I don't know too much about using salt with fish but i do know, Pleco's do not handle salt well at all, so problity not a good idea to add salt to the tank while you have the pleco's. If you have the larger common pleco's, please rehome asap. If you have the smaller types, i still think a 12 gal tank is too small for even one. Sorry i can't be more help for you.


----------



## Scherb (Feb 10, 2011)

Hello. test your water. and guppies need harder water. i have 2 bnp in a 20g with guppies. i use 1 tlbs of salt, and equilibrium to harden the water. and kosher salt is fine to use. Cheers


----------



## macframalama (Apr 17, 2012)

did not know that kosher was legit to use, good tips, now is the dosing the same?


----------



## Scherb (Feb 10, 2011)

macframalama said:


> did not know that kosher was legit to use, good tips, now is the dosing the same?


From what i know it is the same. that is what i was told and i use it that way. Cheers


----------



## Momobobo (Sep 28, 2010)

Any salt that is pure NaCl (with no additives) and not ionized is 100% safe for use on aquarium fish. Do NOT put it in directly, dissolve it in water outside the tank and then pour the salt water mixture into the tank. Water parameters would be nice, also what kind of pleco is this? We are going blind without water parameters and by the sounds of it it is a recurring problem which means somethings not right with your water/setup.


----------



## hamsup (May 23, 2012)

My PH is about 7.0 or so. Not sure about the other readings as the LPS said all i need is a PH tester.

12 gallon fluval edge so i am using the filter that came with the tank. 

5 fancy guppies
1 yellow bristle nose pleco (i think it is L144) 
1 common (Hypostomus) pleco 

The pet store actually said it was fine for a tank my size. OH NO....... i love my yellow bristle nose.. probably my favourite pleco and it hasnt grown much since i bought it a month ago. If my tank is too small for both plecos.. i'd definately sell my common one.


----------



## Momobobo (Sep 28, 2010)

Local pet store local pet store    When will they stop giving bad advice...

You should get nitrite, nitrate, and ammonia test kits. Or you could go to a LFS to get your water for free usually. It sounds to me like nitrite poisining to me (from the gasping at the surface).

Get rid of the common pleco NOW. Those things grow huge...up to 24" and are big waste producers. All this while not being great at what they do and aggressive at that.
I would think for now the BNP will be fine for now, they do grow to 6" though so I don't think a 12 gallon will be comfortable for it for life.
Is your tank cycled?


----------



## hamsup (May 23, 2012)

The tank came with fishless cycle chemicals which i followed the instructions on. Only after buying fish did I do more research online to find out that i should have waited a much longer time before adding fish. 

You are absolutely correct about LPS. They just told me a bunch of useless information and I wasn't even cheap about anything.

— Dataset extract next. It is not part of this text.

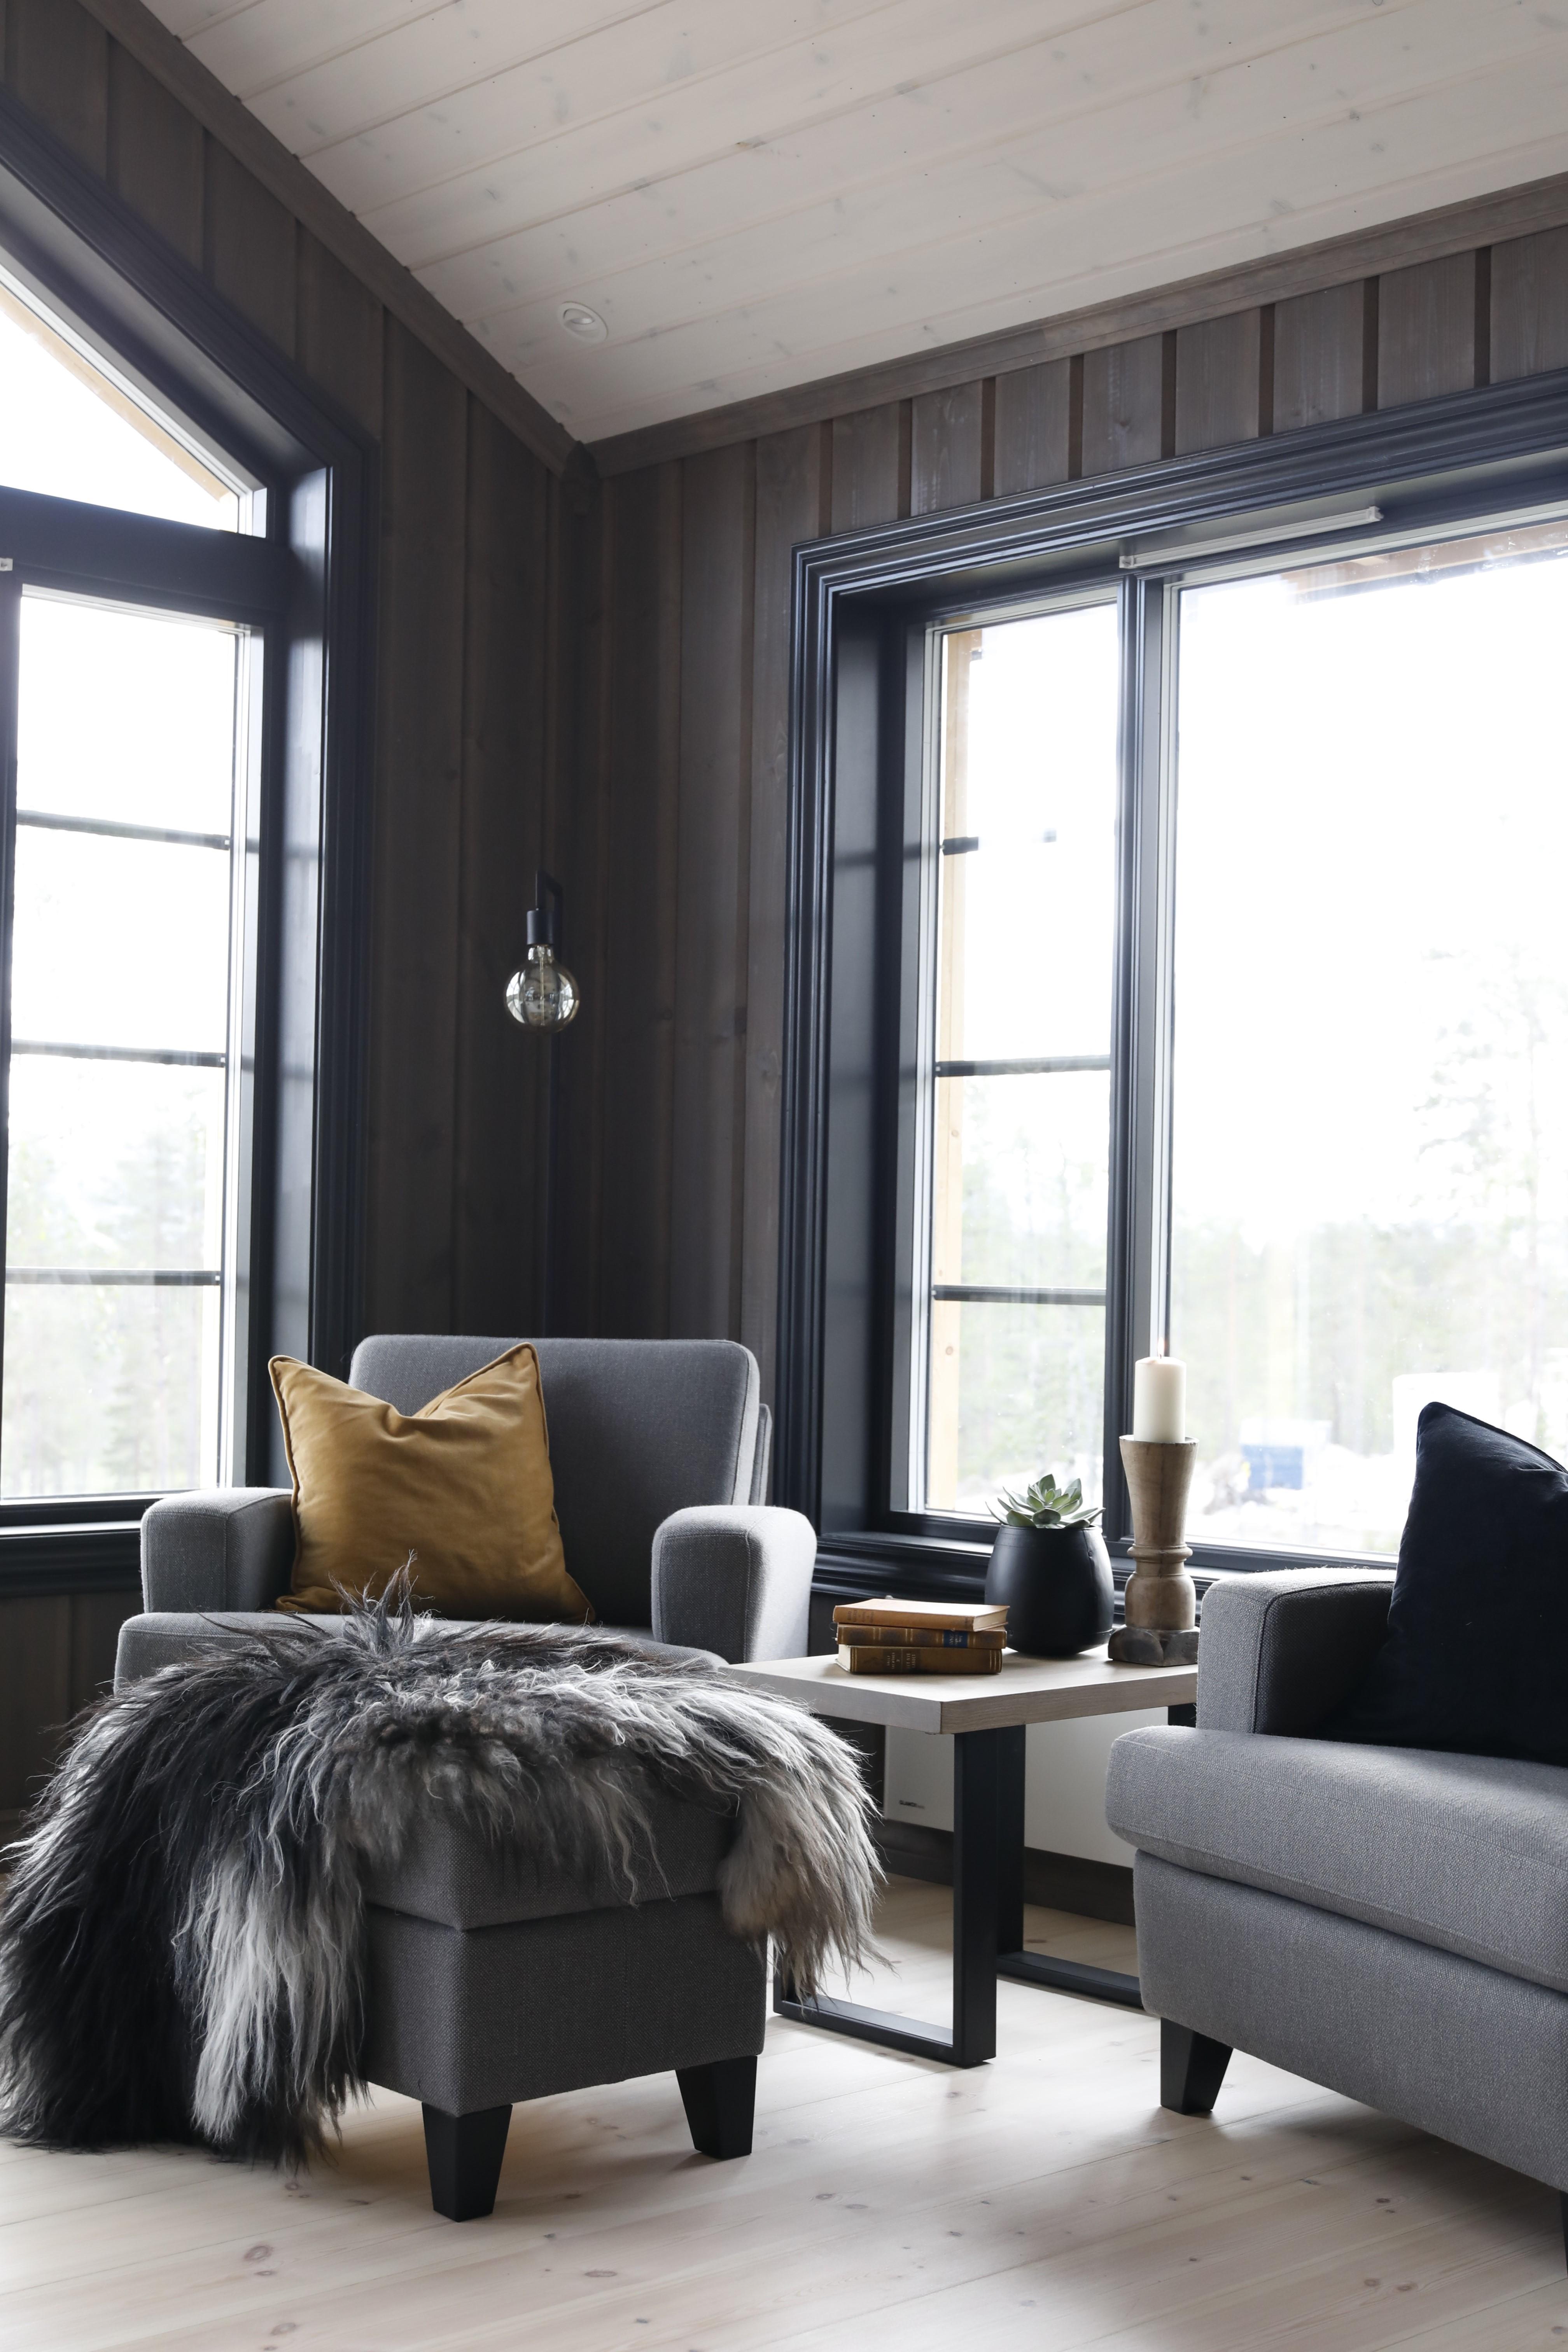 Telemarkhytter Storeble Panorama oppstue 10

I told them i want the fish to be happy and to have a good long life (if possible). they recommended me these fish and said they are perfect for my 12 gallon edge. 

I'll try to find a good home for the pleco.


----------



## 2wheelsx2 (Apr 21, 2010)

Nothing beats tank maintenance for cleanup. Is the Edge planted? If not, don't even bother with algae eater. Just keep the light on when you want to view the fish. Do 50% water changes with warm dechlorinated water (close to the temp of the tank, using dechlorinator, or aged are both fine) as least once a week, and now that you're having a problem, every other day.

Get some test kits: pH, ammonia, nitrite and nitrate. Figure out what's going on in your tank while lightening the bioload and doing more maintenance. That'll keep your fish alive more so than doing any time of research. While you're doing that, you can then read on here and other forums to figure out how to best care for your fish.


----------



## hamsup (May 23, 2012)

Will 50% water changes every other day be bad for the fish? I usually use prime to dechlorinize the water anyways. (should i also add salt to the water???)

My edge is not planted. It has one rock ornament and a large piece of driftwood for the plecos to munch on.


----------



## 2wheelsx2 (Apr 21, 2010)

If the water has no chlorine and the temperature is close, there's no problem. I change 75% of the water in my 100 gallon discus tank 4 times a week. Adding salt or not is up to you. I personally don't but mostly because I have plants in all my tanks. Prime detoxifies ammonia so you should be ok there.

If your tank is not planted then you don't need any algae eaters. Just keep the light off when you're not viewing it. Ambient lighting from the room is fine for the fish.


----------



## hamsup (May 23, 2012)

GREAT NEWS... well sort of. i found out my pleco is a spotted one... not a common.. (as per a friend's msg just now..) lol


----------



## 2wheelsx2 (Apr 21, 2010)

There are probably 100+ varieties of spotted plecos. My L97 is spotted and it's going to be a foot long when fully grown. The whole stigma with commons is that they grow fast and are farm raised. That's why they are "common". The other big guys are slower growers and difficult to spawn and so "rare". A pic would speak a thousand words here.


----------